Yabancı iş birliklerine de değinen Prof. Dr. Özsoy, “2 Türk Araştırmacı Güney Kore’ye ait King Sejong Antarktik İstasyonu’nda çalışmalarını sürdürmektedir, Bulgaristan ve Portekiz’den birer araştırmacı da Altıncı Ulusal Antarktika Bilim Seferi’nde bizimle birlikte görev alacaklar.” bilgisini paylaştı.
Zorlu koşullarda TÜBİTAK SAGE ısıl pilleri katkı verecek
“SAGE olarak tasarım, geliştirme ve üretim yeteneklerinin tamamına sahip olduğumuz ısıl pilimiz, zorlu çevresel koşulların hüküm sürdüğü kutup bölgesinde, 6.Ulusal Antarktika Bilim Seferi’nde görev almak üzere yola çıkıyor.“ diyen TÜBİTAK Savunma Sanayii Araştırma ve Geliştirme Enstitüsü (SAGE) Müdürü Gürcan Okumuş, yerli ve milli olarak Türk mühendisler tarafından geliştirilen ve üretilen yüksek teknoloji ürünü ısıl pillerin ileri seviye güvenilirlik, en az 25 yıl raf ömrü, bakım gerektirmeme, hızlı tetiklenme gibi özelliklerine vurgu yaptı.
Okumuş, “-90°C gibi aşırı düşük sıcaklıklarda da tam kapasite ile görev yapabilmesi ile alternatifsiz güç kaynağı olan piller, Dünya’nın en soğuk noktası olan ve zorlu iklim koşullarıyla bilinen Antarktika’da, acil, hızlı ve güvenilir elektrik enerjisi ihtiyacı durumunda, kullanıma hazır olacak, yapılan bilimsel araştırmalara ve geliştirmelere katkı sağlayacaktır.” dedi.
ASELSAN’dan Antarktika ekibine telsiz desteği
ASELSAN Yönetim Kurulu Başkanı ve Genel Müdürü Haluk Görgün de Türkiye adına TÜBİTAK önderliğinde Antarktika’da yapılan çalışmaları büyük bir heyecan, merak ve gururla takip ettiklerini söyledi.
ASELSAN olarak Antarktika’ya test ve kullanım amaçlı Telsiz ve Modüler Mobil Tekrarlayıcı Telsiz sistemleri gönderdiklerini belirten Görgün, yerli ve milli imkanlarla geliştirilen, en zorlu koşullarda test edilen haberleşme ürünlerinin, çok zorlu bir sahada bilim insanlarının güvenilir destekçisi olacağını kaydetti.

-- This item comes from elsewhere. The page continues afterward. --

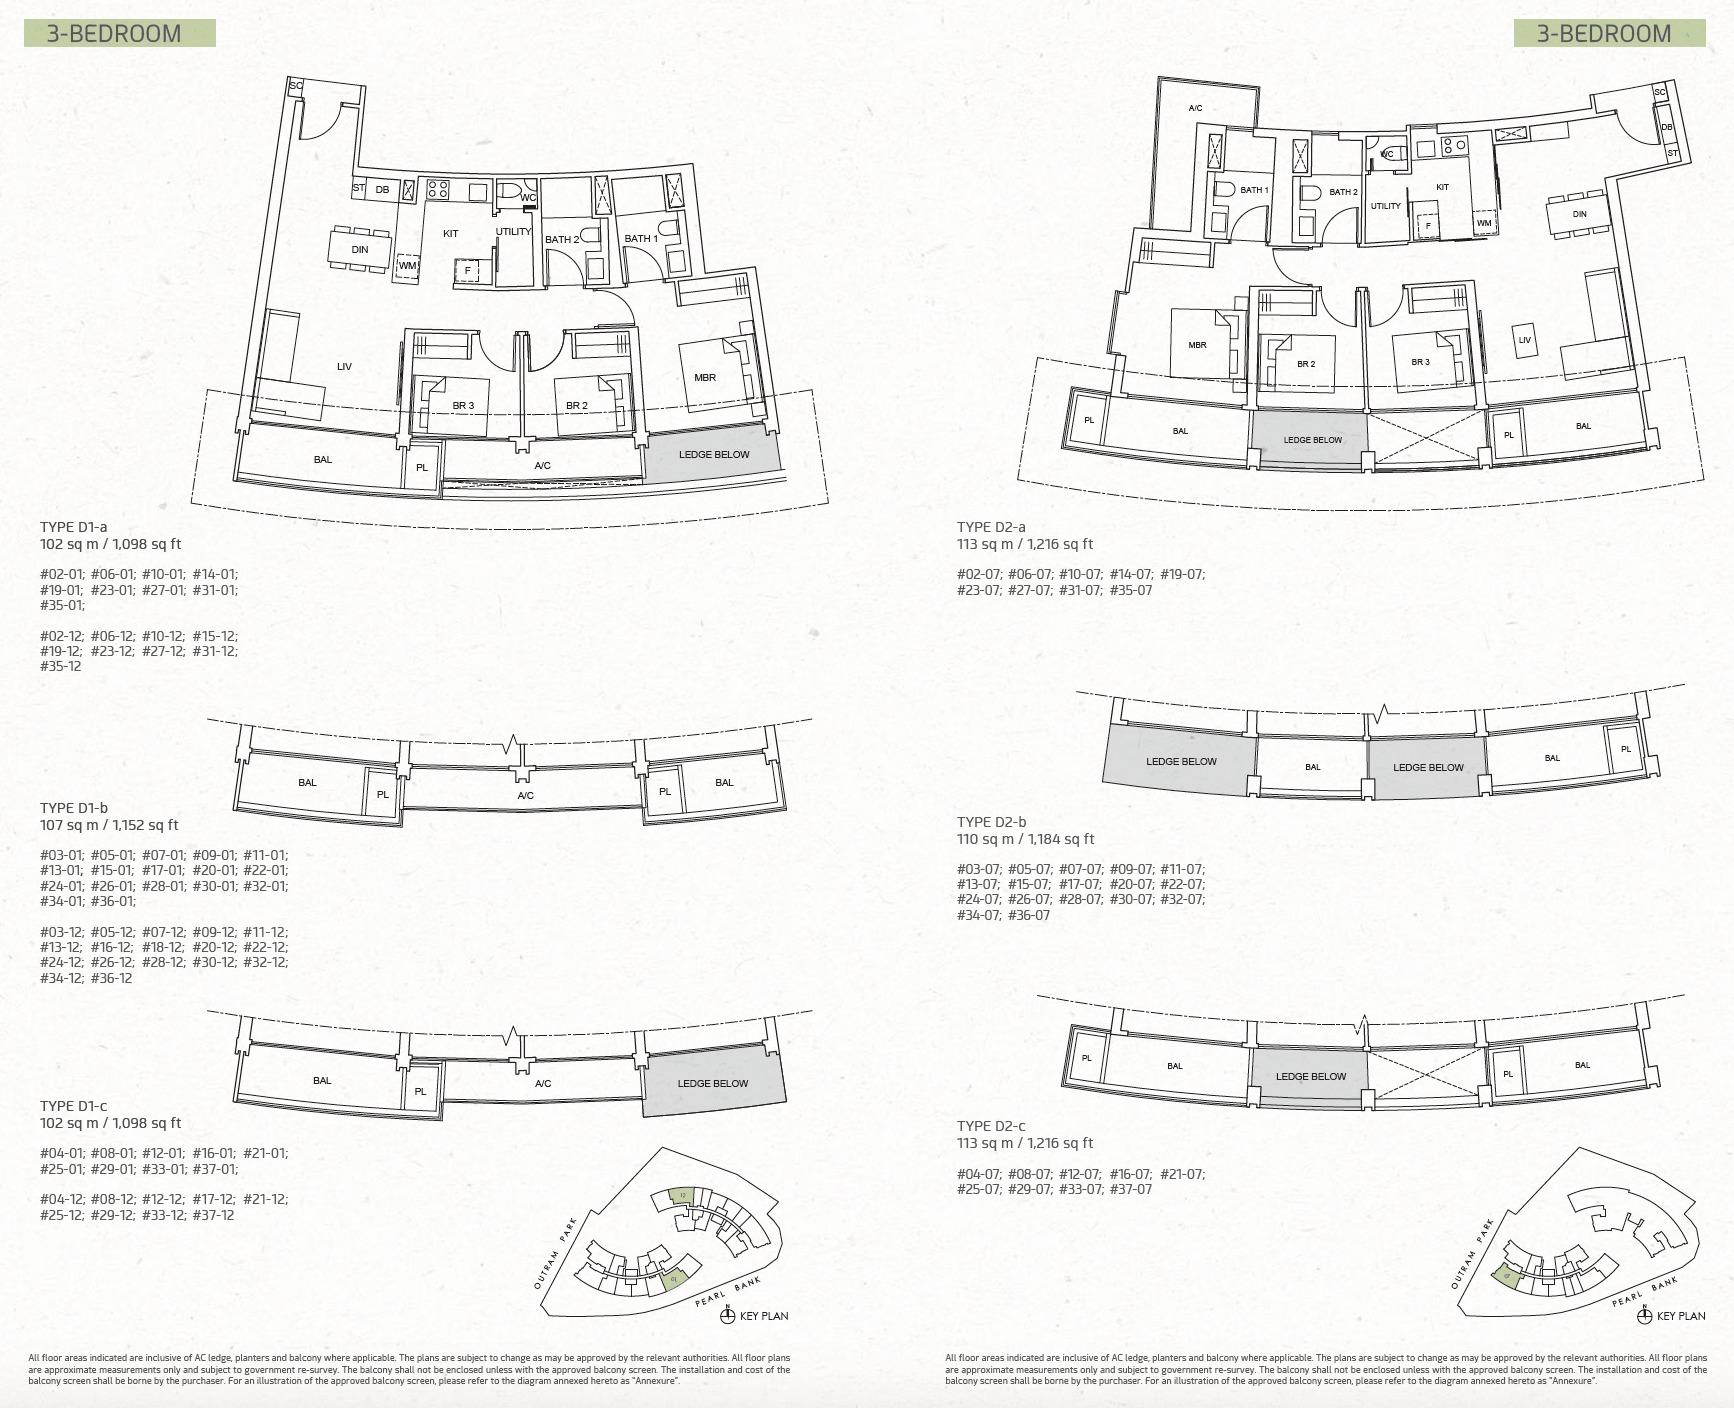 One-Pearl-Bank-floor-plan-3-bedroom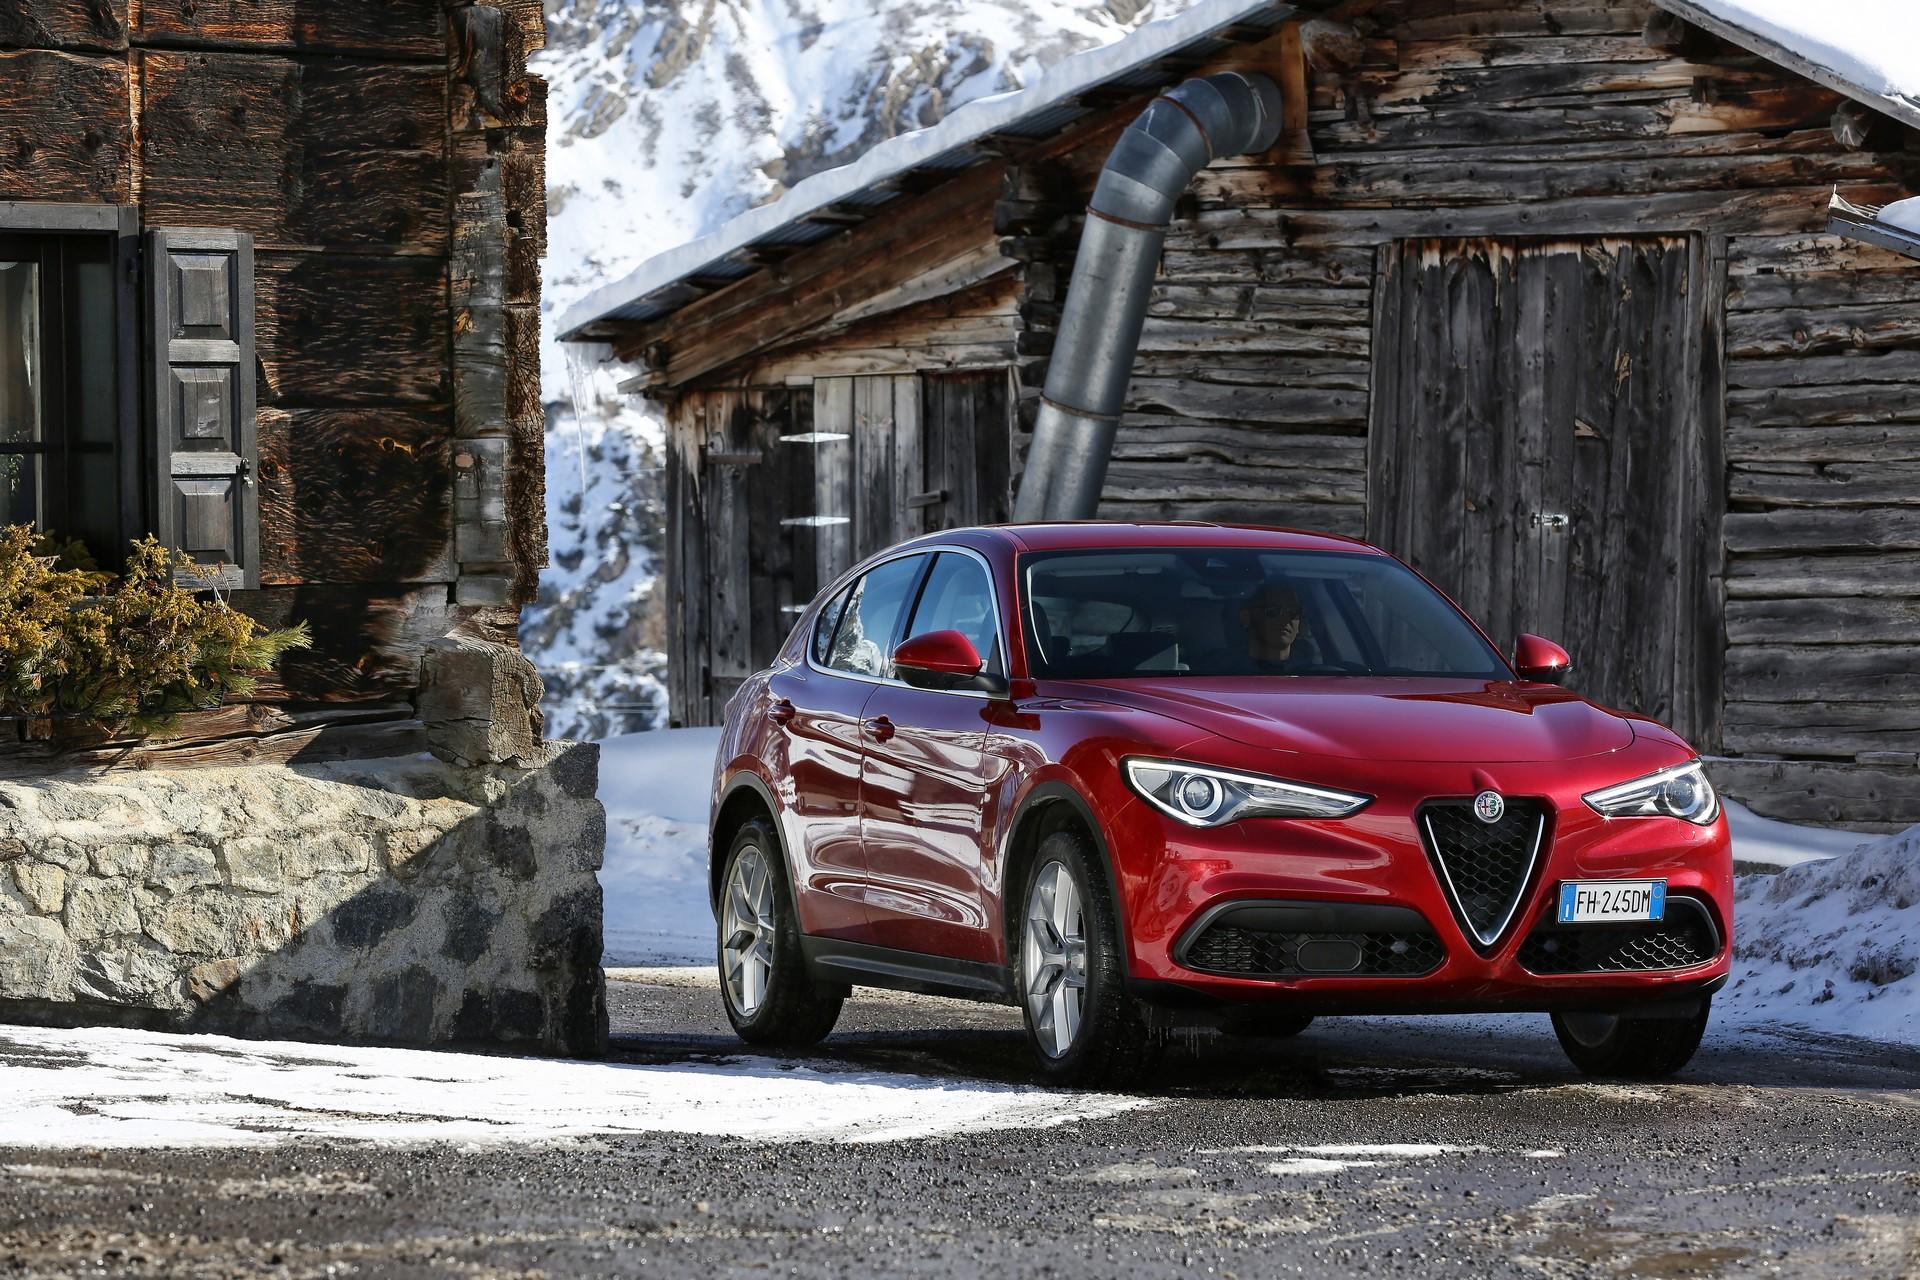 170222_Alfa-Romeo_AR-Stelvio_57

Antarktika’ya 15 adet gönderdikleri tasarım ödüllü 3700 el telsizlerinin ASELSAN’ın kendi sınıfında en başarılı haberleşme ürünlerinden olduğuna dikkati çeken Görgün, “Telsizlerimiz dünyadaki birçok zorlu ortamda gösterdiği başarısına bir yenisini katarak kutupların zorlu ortamında da ekiplerimizin can yoldaşı olacak.” dedi.
Görgün, sistemlerin kesintisiz çalışabilmesi için yüksek verimli güneş panelleriyle enerji üreten, kurulumu iki kişi tarafından yapılabilen “Taşınabilir Hibrit Güç Destek Birimi”nin de bilim insanlarına elektrik altyapısının olmadığı Antarktika’da enerji desteği vereceğini sözlerine ekledi.
HAVELSAN GNSS alıcısını tanıttı
HAVELSAN Genel Müdürü Mehmet Akif Nacar da TÜBİTAK MAM KARE yetkilileriyle, TEKNOFEST 2021’de ilk görüşmeleri yaptıklarını hatırlatarak, 4 ay gibi kısa bir sürede HAVELSAN GNSS alıcısını geliştirdiklerinin ve bunun ilk kez Antarktika’daki milli kutup seferinde kullanılacağının altını çizdi.
HAVELSAN GNSS alıcısının, GPS, Galileo, Beidu, Glonass, QZSS gibi birçok farklı ülkenin uydularını kullanarak konum hesaplama yaptığını ve küresel kapsama alanı sağladığını belirten Nacar, “HAVELSAN GNSS alıcısı, gerçek zamanlı konum, hız ve zaman bilgisi ile kesintisiz çalışma performansı sunuyor.” ifadesini kullandı.
Ürünleri sefer ekibine Bakan Varank teslim etti
Konuşmaların ardından ürünleri sefer koordinatörü Prof. Dr. Burcu Özsoy’a teslim eden Bakan Varank, “Bu teknolojileri geliştiriyor olmak ve alanda deneyebilmek kurumlarımıza büyük bir avantaj sağlıyor. Bugün denenmiş ürünleri pazara çıkardığınızda nasıl fark olduğunu biliyorsunuz. Firmalarımızın ürünlerini test etmesini çok önemsiyorum. En zor testlerden birini Antarktika’da ASELSAN, HAVELSAN ve SAGE gerçekleştirecek. İnşallah kalıcı üssü kurabilirsek orada gider beraber test ederiz.” ifadelerini kullandı.